HisgirlFridayThe Toronto Star has a fascinating little column up this week called “Five Things You Need to Know to Save Journalism.”

Madelaine Drohan stops short of offering any solutions to the problem, but I thought her five points were interesting. She points out that many industries are being affected by tech changes, and remarks that there are both threats and opportunities. But it is her fifth and final point that I think is the most important: the audience has changed.

Understanding this is, I think, the first step toward actually fixing things. Some of the media and publishing industry’s missteps have come from erroneously assuming that all they had to do was repackage the content some other way, and people would bite. This is where magazines didn’t work because people got tired of waiting while huge PDF files downloaded, and where people rebelled at paying paper-retail prices for e-books which were riddled with copy errors. People didn’t just want a techie way to get the same content. They wanted better, different content. From the article:

“It’s widely known that the audience for journalism has moved online and increasingly onto smartphones.

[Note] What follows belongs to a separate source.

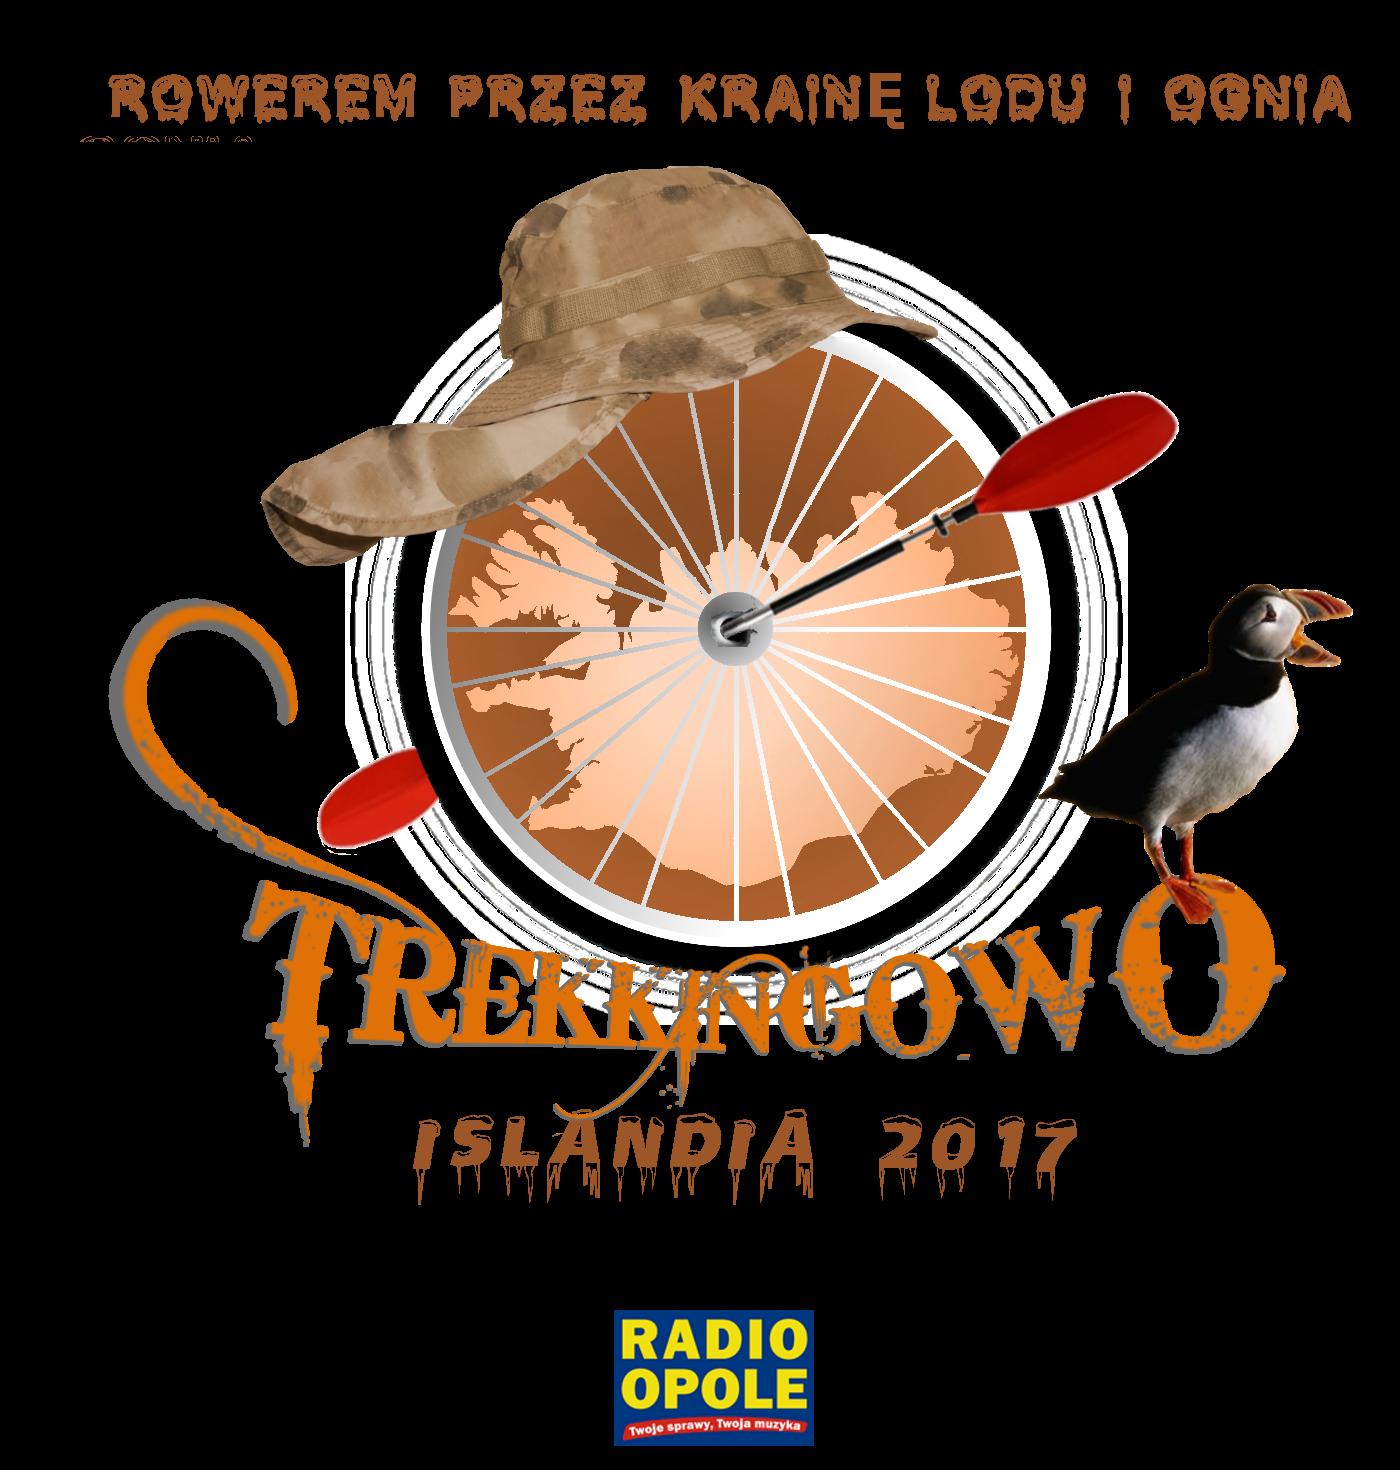 Radio Opole wyprawie 'Rowerem przez krainę lodu i ognia. Islandia 2017' patronuje medialnie

This changes how people want their journalism…But one change that is not widely appreciated and more difficult to deal with is the desire to be involved in the creation of journalism in ways that were unimaginable before the advent of the internet. Audiences want a relationship.”

I wish Drohan had gone one step further and actually offered some solutions. But I think this final point is the vital lynchpin. It’s not about finding new ways to deliver the same content. It’s about finding new ways to deliver new content. That is the key.

Image credit: Here.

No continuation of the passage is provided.